GIVEN MATERIAL ->
════════════════

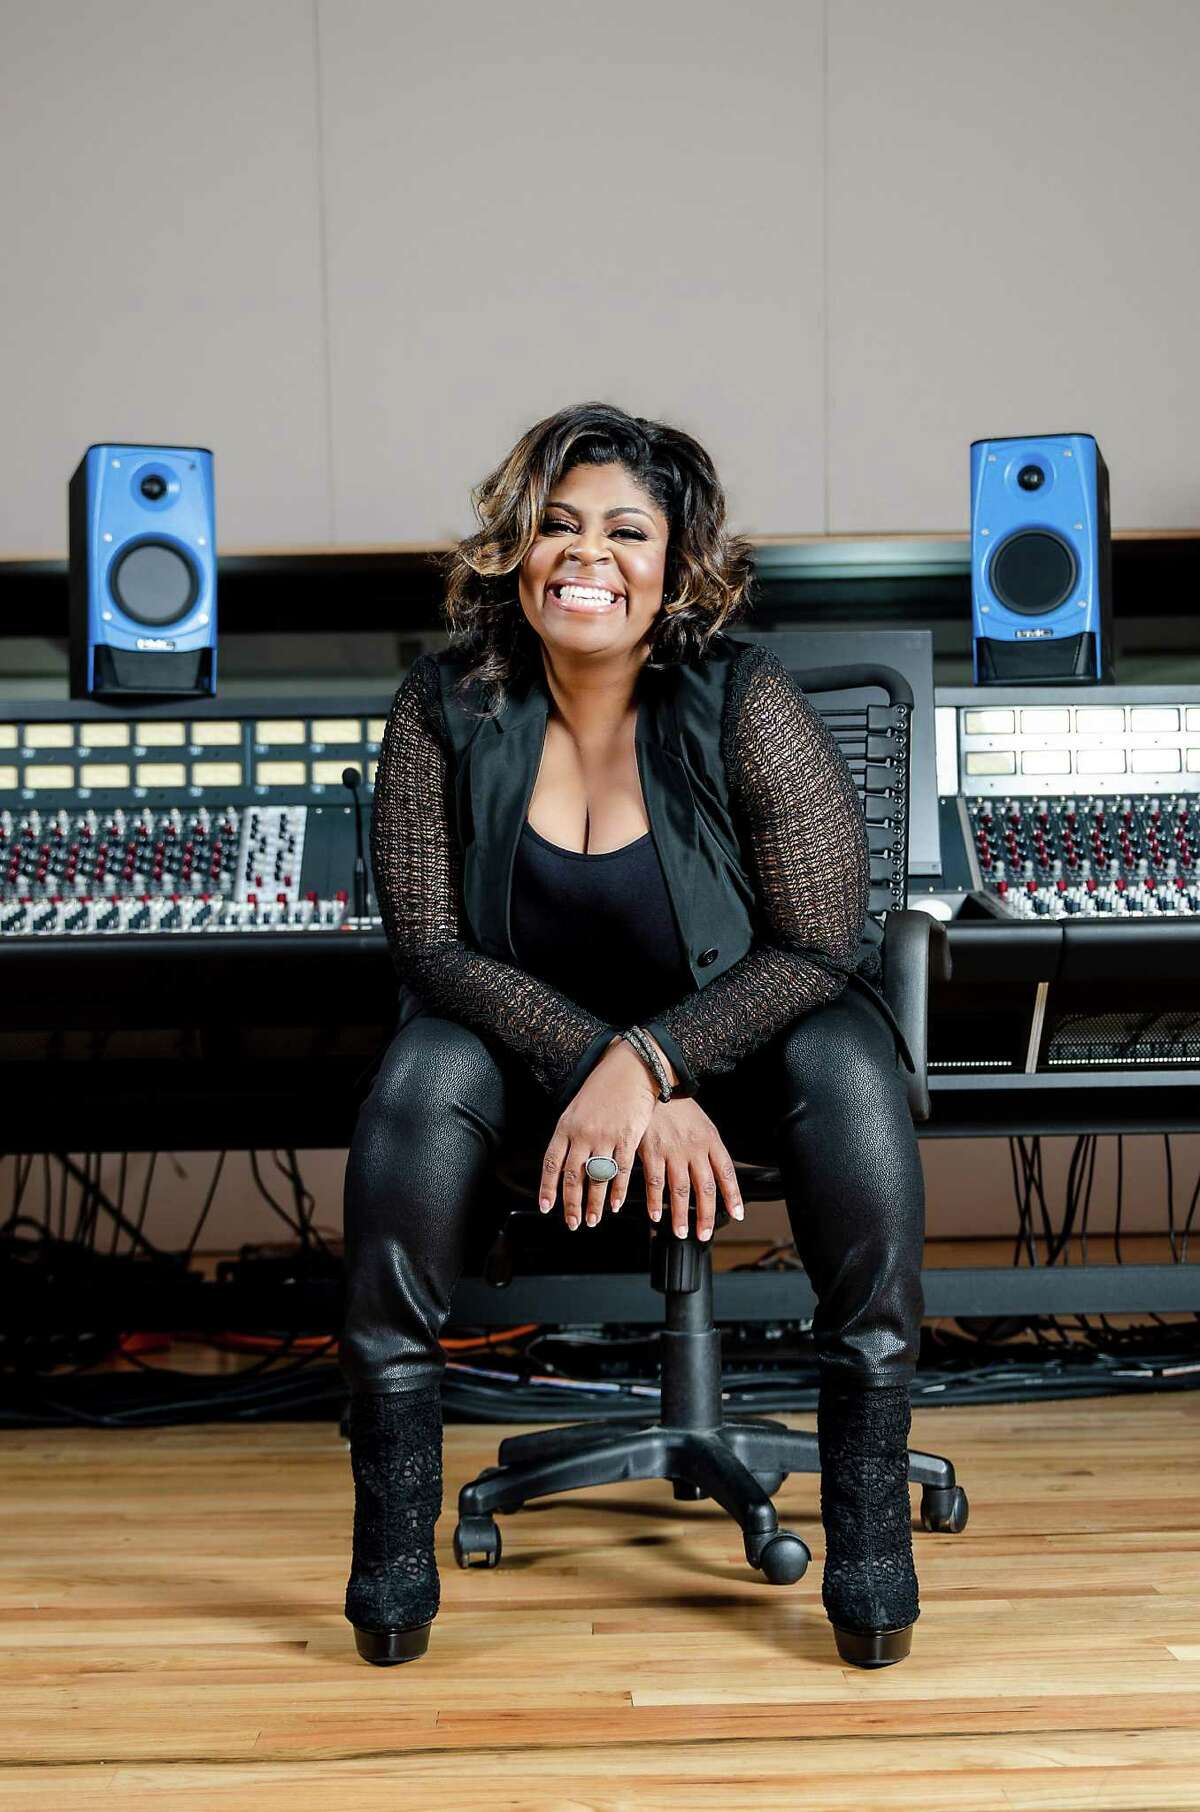 TSU has reportedly canceled gospel singer Kim Burrell's radio show after her anti-gay comments spread online.
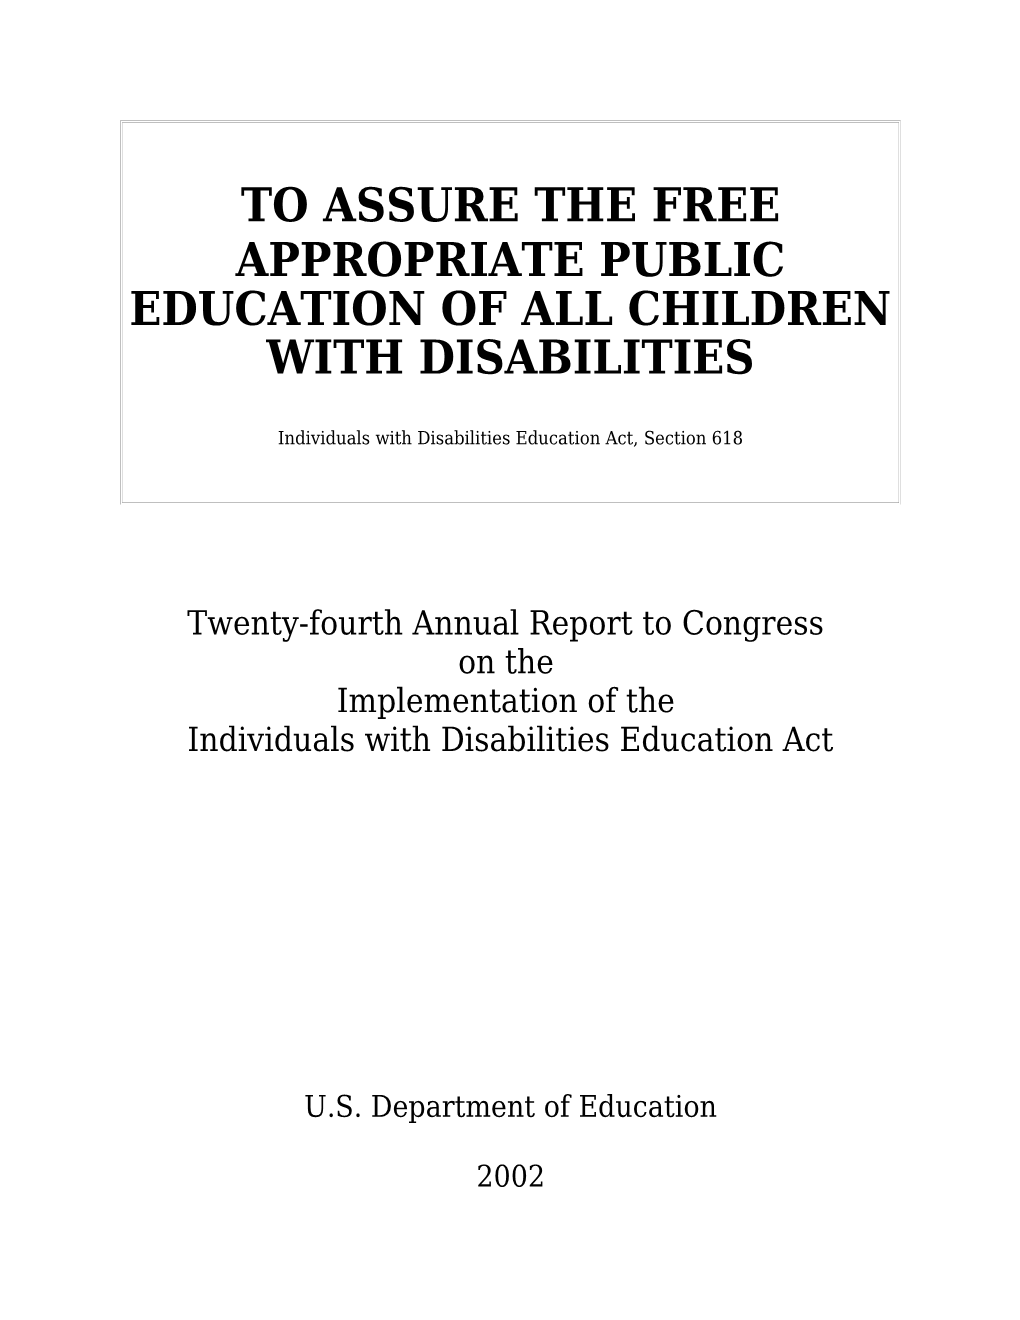 Appropriate Public Education of All Children with Disabilities
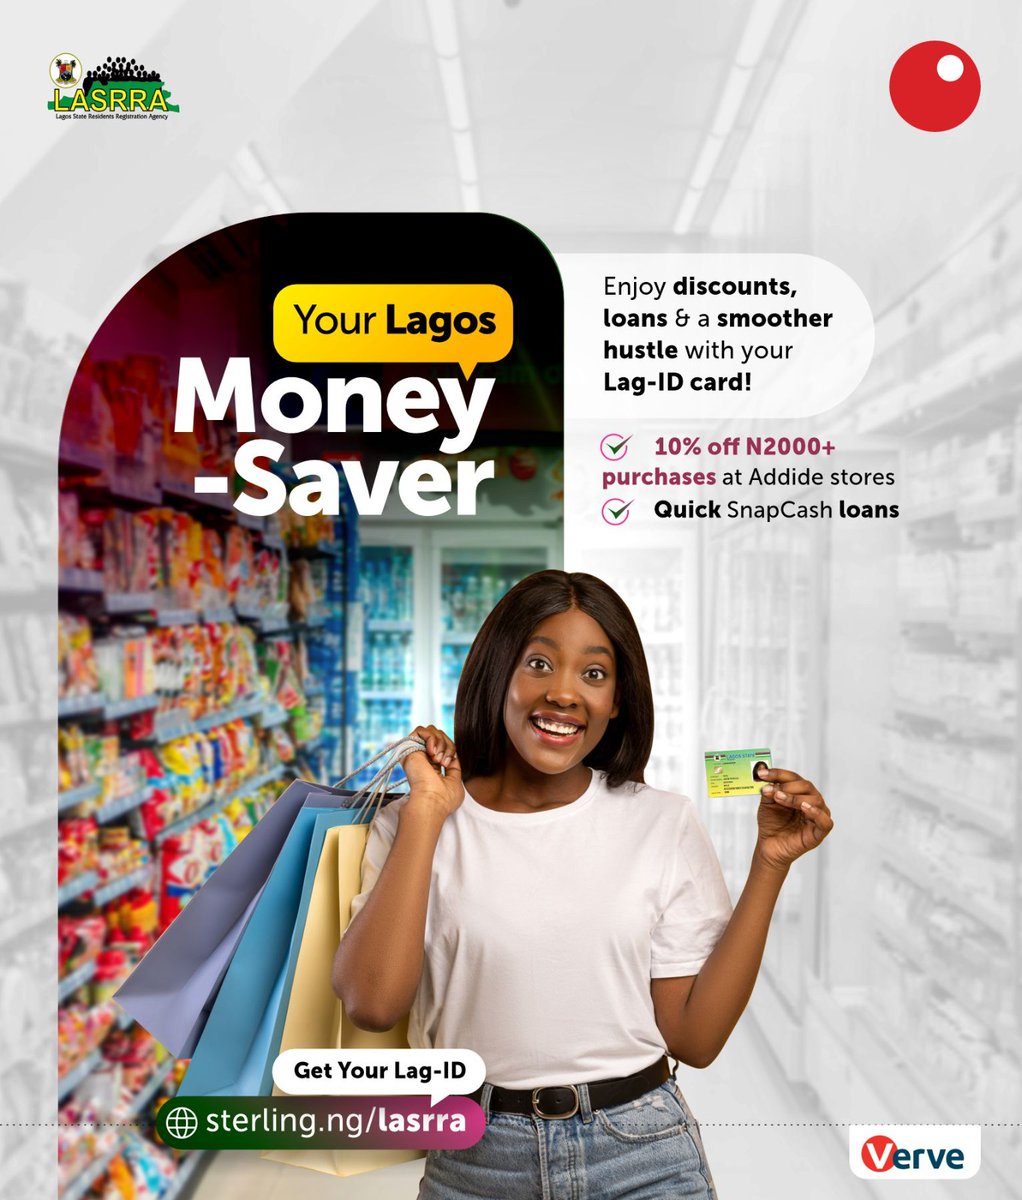 Unlock sweet deals and loans with a Lag-ID card. Apply at Sterling.ng/lasrra #Sterling #LagID #Lasrra

════════════════

WHAT IS REQUIRED ->
Output the material verbatim, skipping the images.

ANSWER SPACE ->
 TSU has reportedly canceled gospel singer Kim Burrell's radio show after her anti-gay comments spread online.
 Appropriate Public Education of All Children with Disabilities
 Unlock sweet deals and loans with a Lag-ID card. Apply at Sterling.ng/lasrra #Sterling #LagID #Lasrra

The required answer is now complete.